3. Originally Posted by realintegerz
A square is inscribed in a right triangle whose short sides are in the ratio of 1:2. What is the length of the side of the square in terms of the length of the shortest side of the circumscribed triangle?

I tried assuming that the shortest sides were 1 and 2, which makes the hypotenuse sq. root 5

Then I solved for the area of the whole triangle and I got 1

So then I made 1 = (1/2)(1-w)(2-w)

But for some reason I got w = 3 or 0 which doesn't work out...

I will try to explain my solution without a picture... I somehow cannot upload a picture from my school...

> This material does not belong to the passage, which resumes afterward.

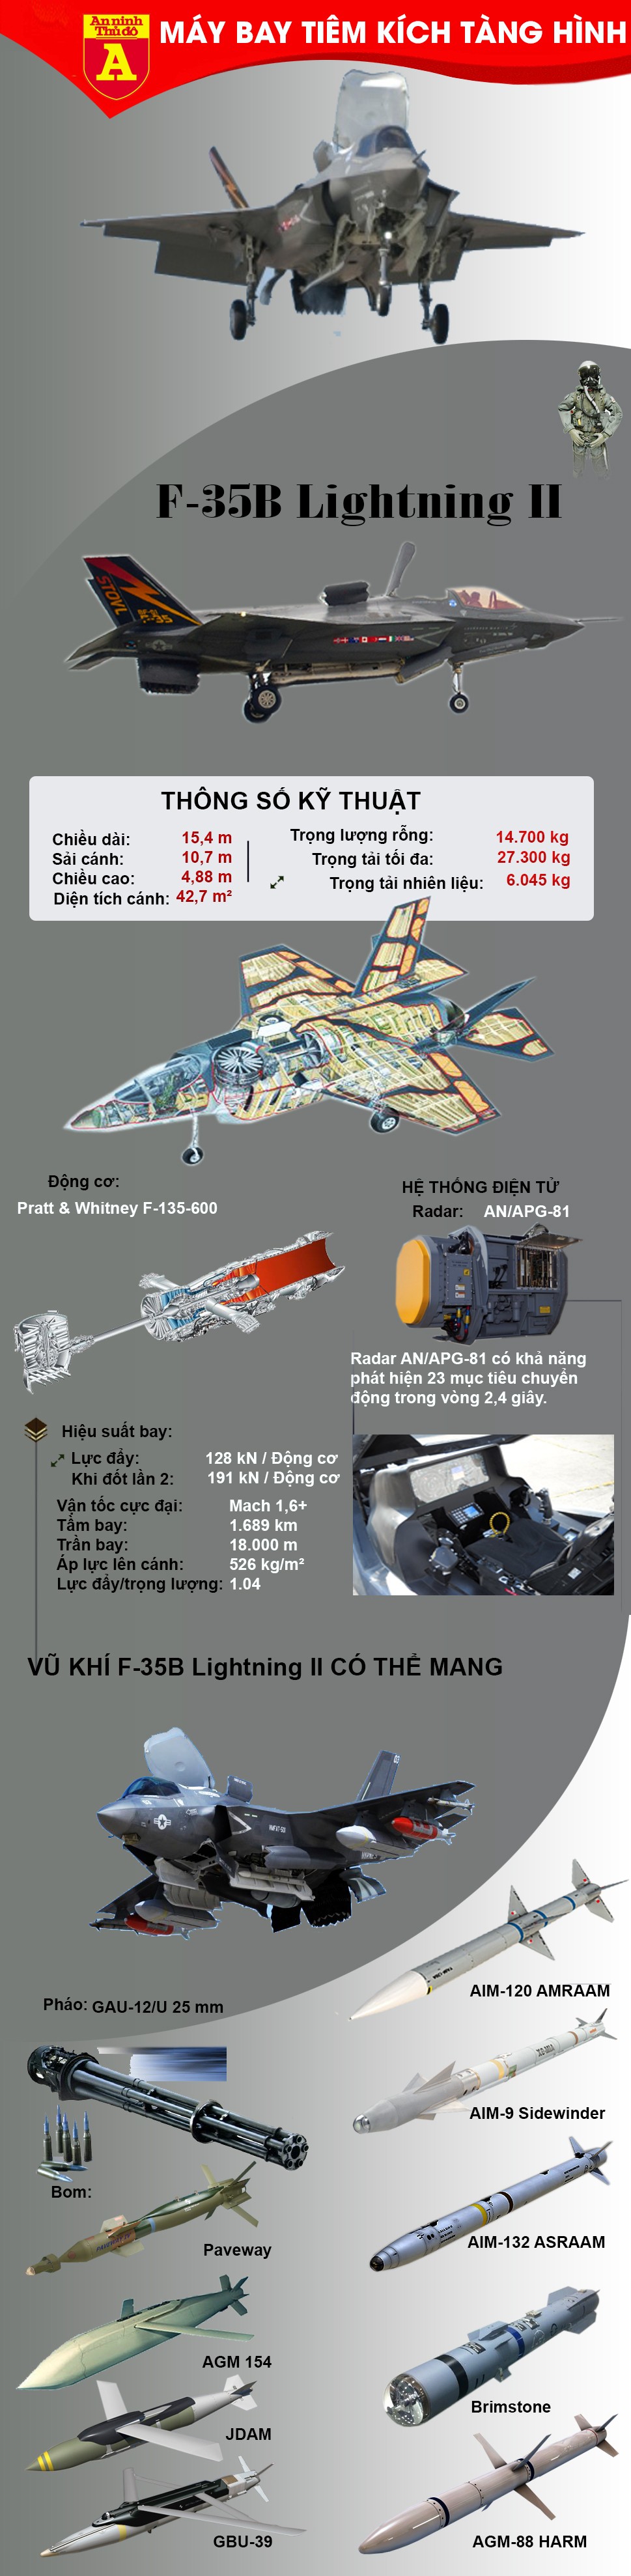 [Infographic] Tiêm kích tàng hình F-35B lần đầu mang bom, sức mạnh hủy diệt mang tên "Tia chớp" đã sẵn sàng ảnh 4

Draw a right triangle, B = 90 degrees AB = 1 BC = 2
Draw inside the triangle a square label the square EBFG with E on AB en F on BC and G on AC

EB = BF = x
Then AE = 1 - x and FC = 2 - x

You've got two similar triangles AEG and GFC there is a ratio between the two triangles and because of that

AE : GF = EG : FC

but also AE x FC = GF x EG and
$\displaystyle (1 - x)(2 - x ) = x*x$
$\displaystyle 2 - 3x + x^2 = x^2$
$\displaystyle 2 - 3x = 0$
and x = 2/3

so we get the ratio 2/3 : 1 : 2
[in my school we have to multiply by 3 ..... 2 : 3 : 6]